We all have been there. While the above example is an egregious one, most female attorneys will confirm that sexism is a continued problem in this profession. I imagine that male attorneys do not get asked if they are the court reporter when they walk into a deposition. It is unlikely that male attorneys have clients (whom they have spent time meeting with) ask if they are the assistant.

Against this backdrop of an ongoing reality, women must have allies in the legal profession. While law schools are graduating more women than ever before, the percentage of women who are partners in private firms, general counsel for Fortune 500 companies, deans of law schools, and judges (both at the state and federal level) is staggeringly low. The percentage of women of color in those positions is even worse. To address this great disparity, both men and women need to recognize the problem and change their attitudes and actions.

How Men Can Be Allies

Men, being an ally means more than just hiring women associates. Here are a few ideas of how to be a real ally to women in the legal profession:

  • Take a step back to let her step up.
  • Do not interrupt.
  • Create opportunities.
  • Give her the chance to assume a leadership position by arguing the motion she drafted, leading the meeting with the client, and taking witnesses at trial.
  • Pay attention to whom you are hiring and mentoring.
  • Be a mentor.
  • Model behavior that treats woman lawyers as equals.
  • Recruit women to teach CLEs and to participate on panel discussions (for any man you can think of who has expertise in a given area, there is likely a woman with the same expertise and skill).
  • List women as references.

How Women Can Be Allies

Women, we must support one another in this stressful and difficult profession. Here are some ways that we can be allies to one another:

  • Reach out to new female attorneys in your office or in your practice area. Introduce yourself and share your own challenges and experiences with them.
  • Start a regular group meeting for women attorneys. Perhaps a standing monthly coffee invitation for a group of women attorneys. Give yourselves a space to share what you have been through recently (whether professionally or personally) with a group who understands and can empathize. It can also turn into a powerful brainstorming session.
  • Bring younger women attorneys in your office on board for projects and to assist you on cases. We all rise together.

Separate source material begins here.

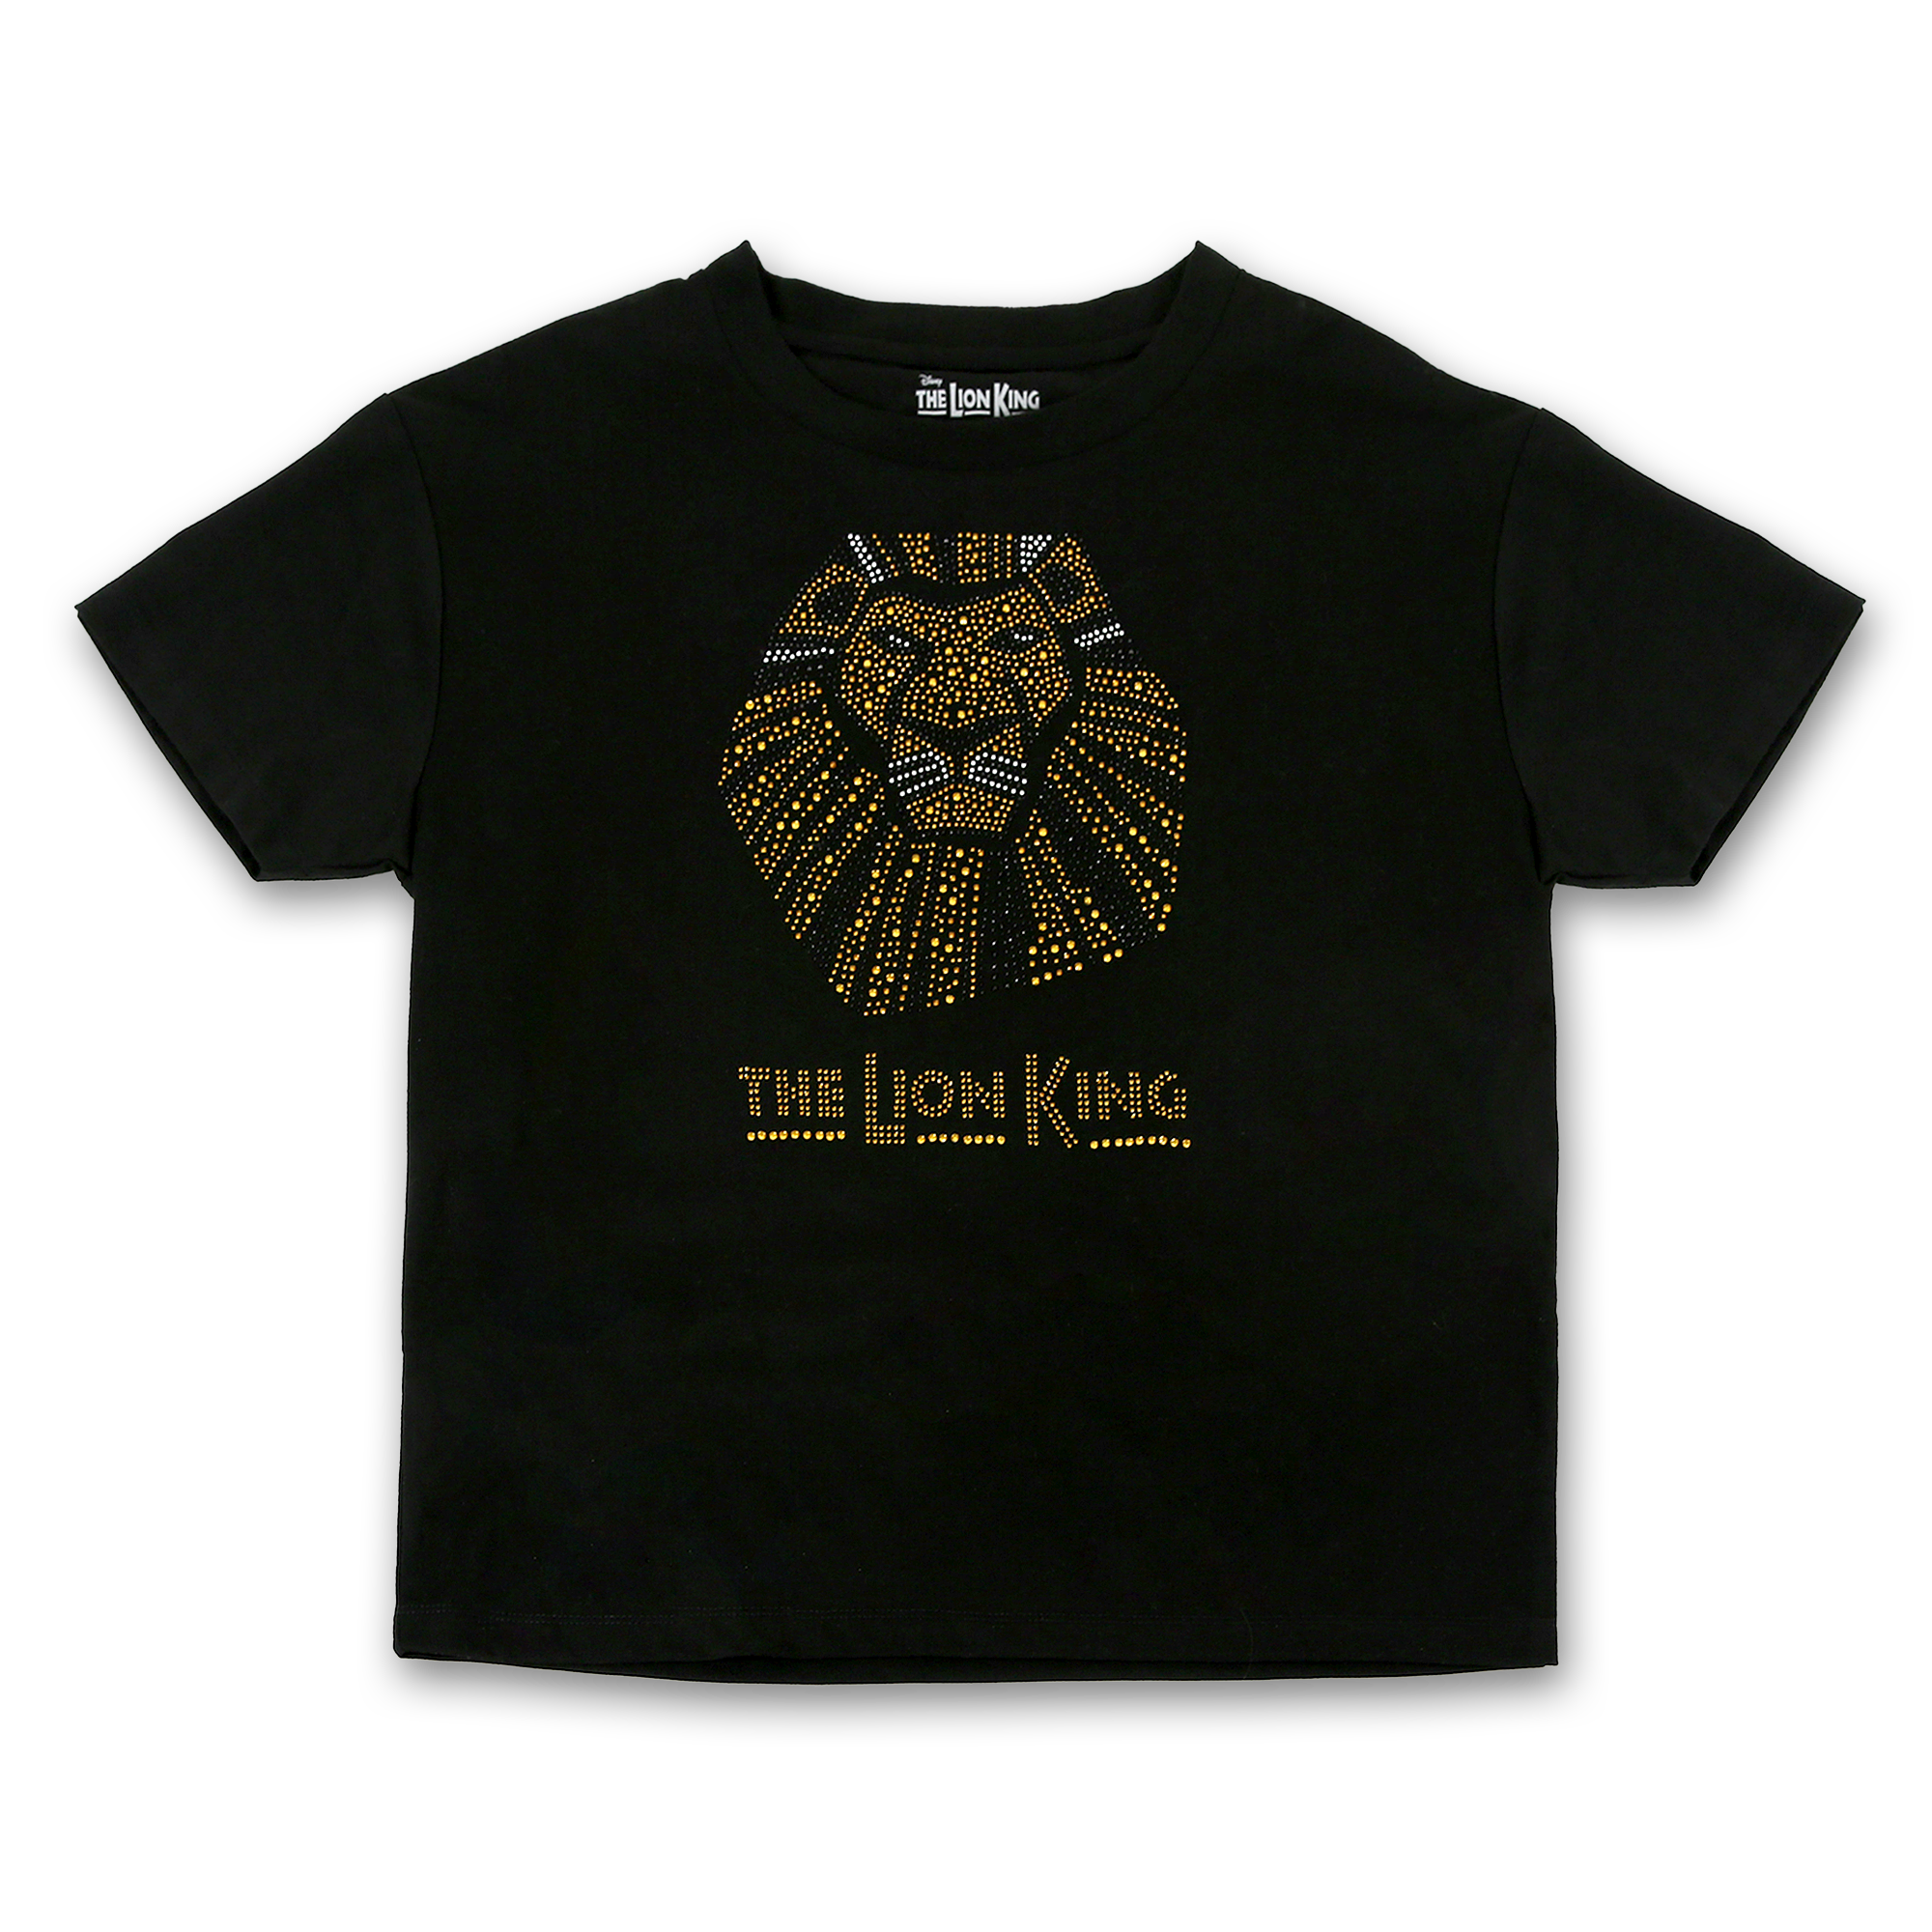 The Lion King the Broadway Musical - Rhinestud T-Shirt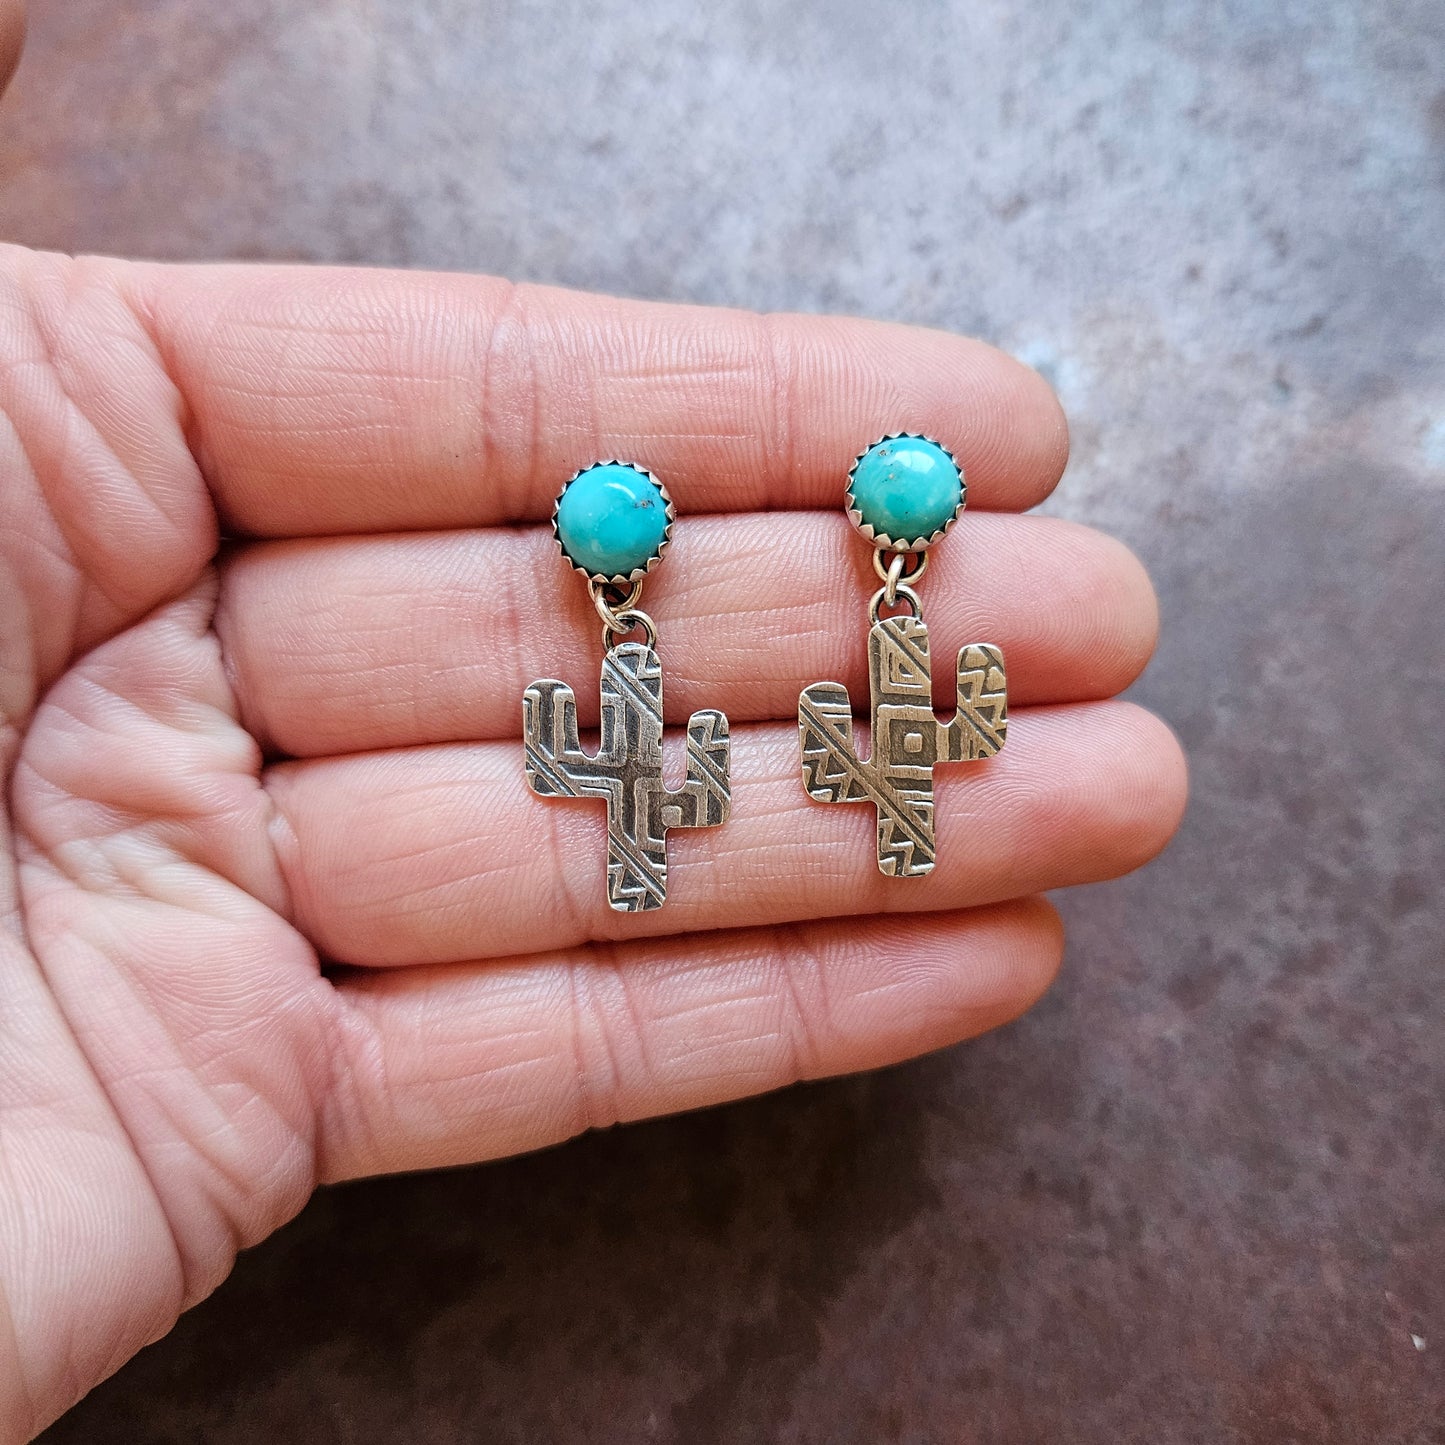 Cactus and Turquoise Earrings

Microaggressions in the Profession

Equal representation of women and women of color in the legal profession at all levels is a process, and one that will not happen overnight. In addition to all of us committing to being allies, we also need to be prepared to deal with the everyday instances of discrimination that women in the legal profession experience regularly. What have become labeled as “microaggressions” are those instances of perhaps indirect, subtle, or unintentional discrimination. Some fairly routine examples of microaggressions in our profession are:

  • “Isn’t it hard being at work and away from your young kids?” (This question is only asked of working women and is almost never asked of new dads.)
  • “Should I just talk to the partner about that?”
  • “Can you tell the partner that our next step is to do ‘x’ on this case?” (Opposing counsel can’t talk to you about the case and asks you to be the go-between with the partner in your firm.)
  • “The facts of this case might make you too emotional.”

These microaggressions can catch us off guard and frequently result in not responding the way we would really like. Moreover, we can often legitimize the microaggressions because they are usually unintentional, and we don’t regard the person making the comment as someone who is sexist. Nonetheless, these comments need to be addressed or gender stereotypes and discrimination will persist. But what are the appropriate ways to raise concerns about these types of comments and questions? Do you address it in the moment or later? More importantly, are you (the target of the microaggression) the appropriate person to address the concern, or should that come from one of your allies (your law partners, colleagues, supervisors, etc.)? Indeed, we should often not leave it to the young women in our profession to have to call out these discriminatory remarks. It is important for our allies to raise it and take some responsibility for bringing awareness to what might be considered mild and innocuous queries. Consider the context in which the microaggression is made—the way to respond will be different whether it is done by opposing counsel in an informal meeting, a comment by a judge during a hearing, or even a client. Discuss with your allies how to handle these types of situations and talk through what might be the most proper and appropriate ways to address these instances of discrimination.

About a year ago I went down to the courthouse to watch a wrongful termination trial that two very well-respected plaintiff trial lawyers were trying together. As I sat in the courtroom to watch and learn, I realized that I was witnessing something extraordinary. The courtroom was filled with women—the two counsel for the plaintiff were women, the two counsel defending the institution were women, and the judge was a woman. This was not a usual sight, and it struck me as an important moment. Let’s all do our part—focus on this issue, become allies, and do the work to make this moment a lasting and common occurrence.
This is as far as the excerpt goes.